Artificial Intelligence represents the next step for the financial sector to improve efficiencies without compromising results – and arming yourself with the right knowledge will be the key to its success.
While there are potentially endless opportunities for the technology in financial services, there is currently a gap in understanding how Artificial Intelligence (AI) works.
As part of a series of blogs looking into what it means for the financial services industry, I have already explored the basics of Artificial IntelligenceI in Part 1. In this blog, I will look at how we can begin to implement the technology—and how different types of ‘knowledge’ encoded into a machine can achieve different outcomes.
Essentially, knowledge is what makes computers intelligent. However, there are different types of knowledge that all need to be applied to varying degrees in order to carry out their purpose. Therefore, we need to understand how the categories work and how it can be applied to a machine.
Based on the uses of knowledge, there are three types of AI machines. The first, smart machines, are based on common sense and can be seen in applications such as Google’s search functions or Siri’s understanding of language.
Intelligent machines—the second tier—are based primarily around specific domain or industry knowledge, but which also apply common sense or expert understanding when required.
The third level, expert machines, are focused around solving a very specific problem, such as the chess playing Deep Blue, or robo advisors in wealth management.
When we talk about AI, we are generally referring to the third level of expert machines. The real benefit, however, lies in that second tier which combines the best of the first and third tiers while remaining focussed on a specific domain. This can ease the workload burden by automating processes that have previously required human understanding, such as screening sanctions or handling deviations in payments.
But how do we achieve this?
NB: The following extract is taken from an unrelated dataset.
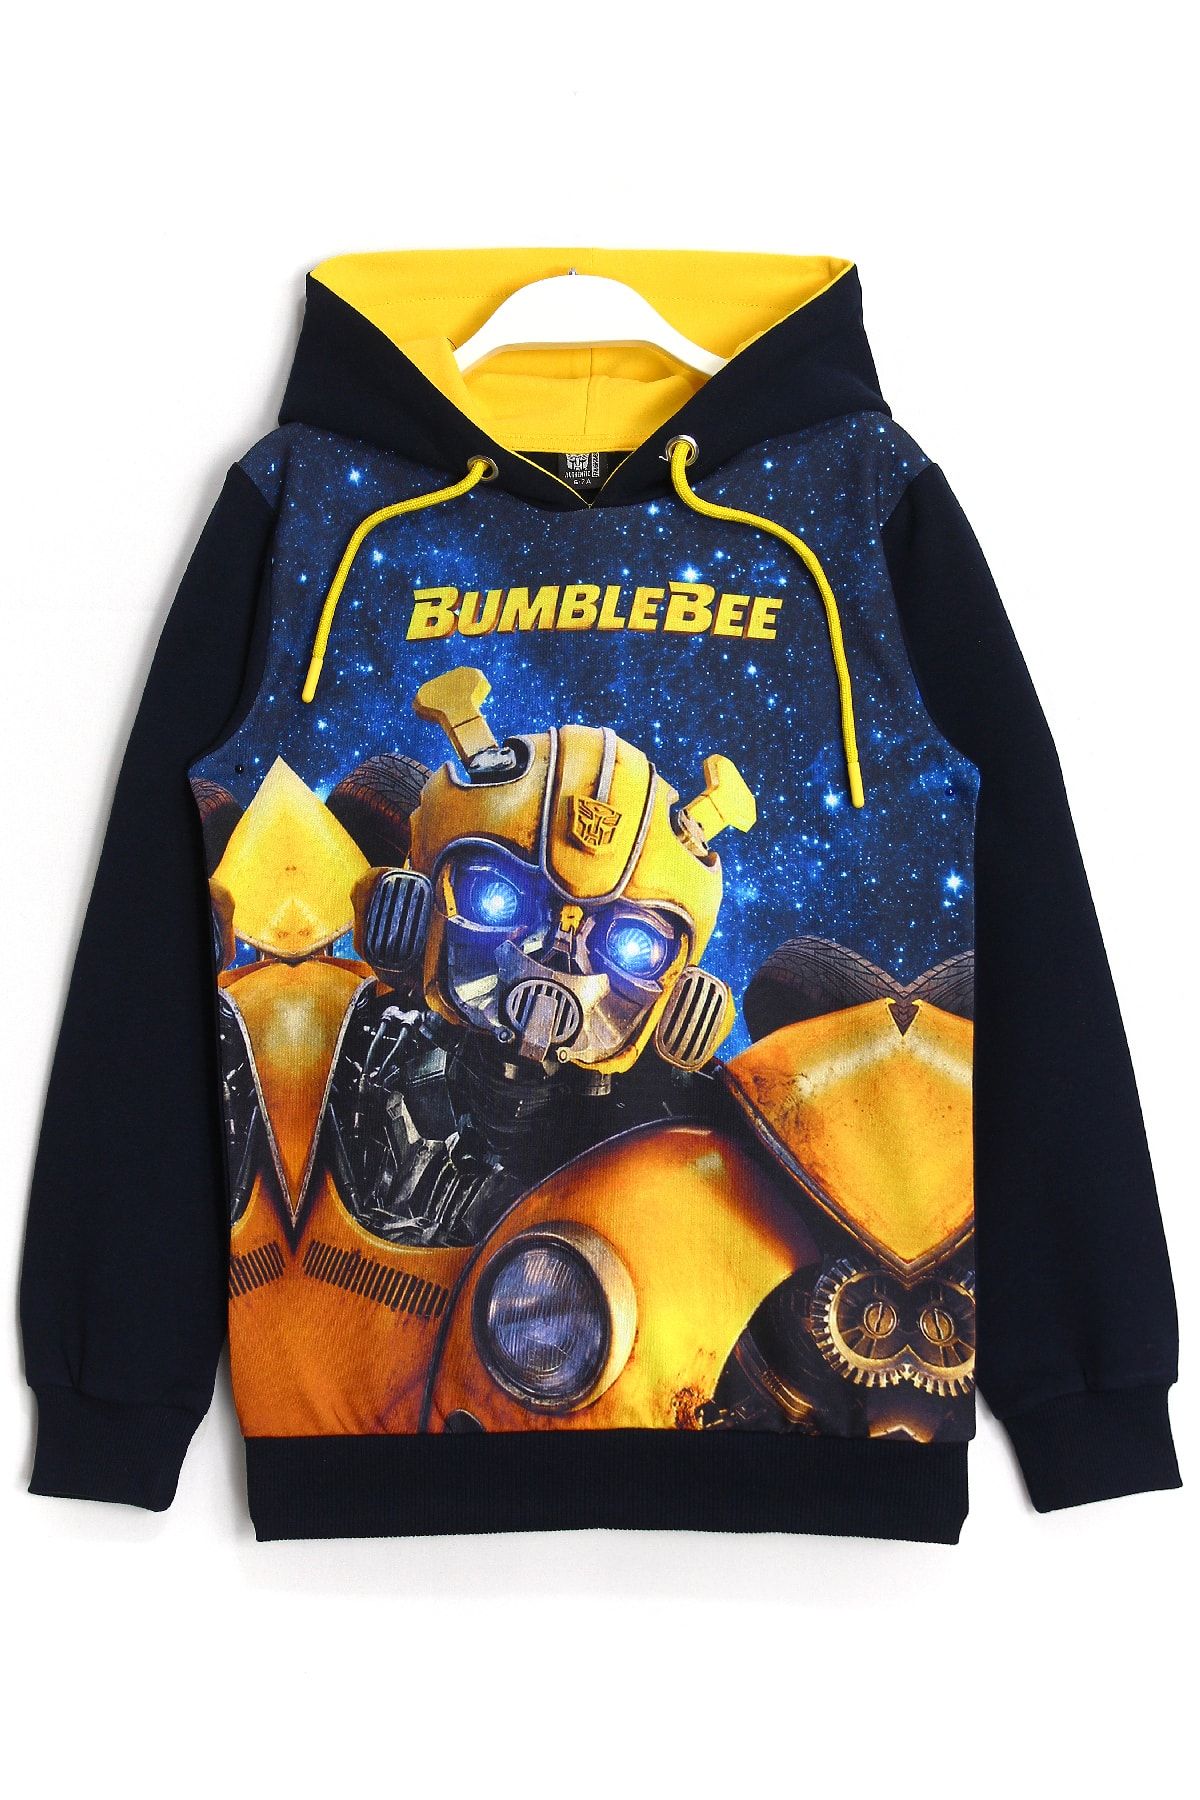 transformers Bumblebee 3d Baskılı Erkek Çocuk Sweatshirt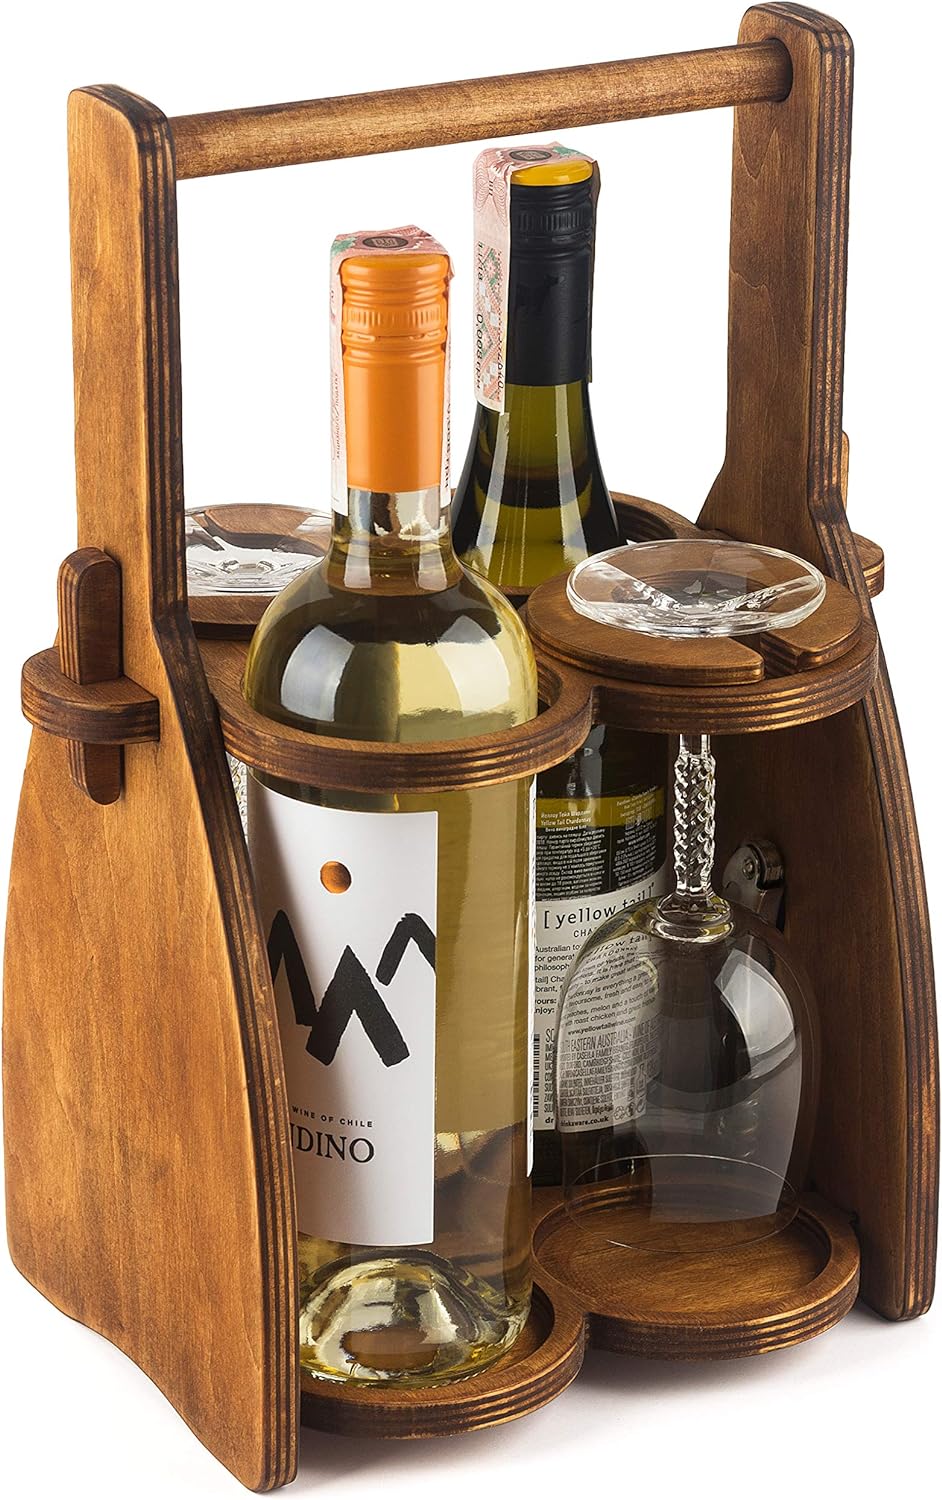 ROSTMARYGIFT Wood Wine Bottle Glasses Caddy - Beer Carrier - Drinking Desk Accessories Men\\\'s Wine Organizer - Glass Tray Holder - Wine Storage Stand - Drink Holder for Beer, for Wine

The success of AI will depend on how we create and manage knowledge for machine use. The two main challenges for this are how data can be converted into knowledge and how to ensure the right knowledge is provided to AI machines.
For example, let us say that a bank wants to automate its payments system using AI.
The first thing it needs to do is to ‘extract’ information from the humans already doing that job—what tools are they using, how they go about that process and what they reject and what do they allow.
Next, this needs to be coupled with the data the bank uses in its payments process, which needs to be relevant and accurate in order to work efficiently. This, along with the information from human sources, creates knowledge.
Finally, this knowledge needs to be encoded into an algorithm to be used by a machine capable of natural language processing, which can then apply specialist and common sense understanding in order to solve a problem. The bank has now introduced AI into payments.
The human touch
Human input will still be needed. These machines, unlike standard computers, have to learn, and the knowledge given to the machines has to be validated. Specialist ‘Knowledge Engineers’ will be responsible for this, educating machines in the same way we teach children and refine processes.
AI represents the next step for the financial sector to improve efficiencies without compromising results—and arming yourself with the right knowledge will be the key to its success.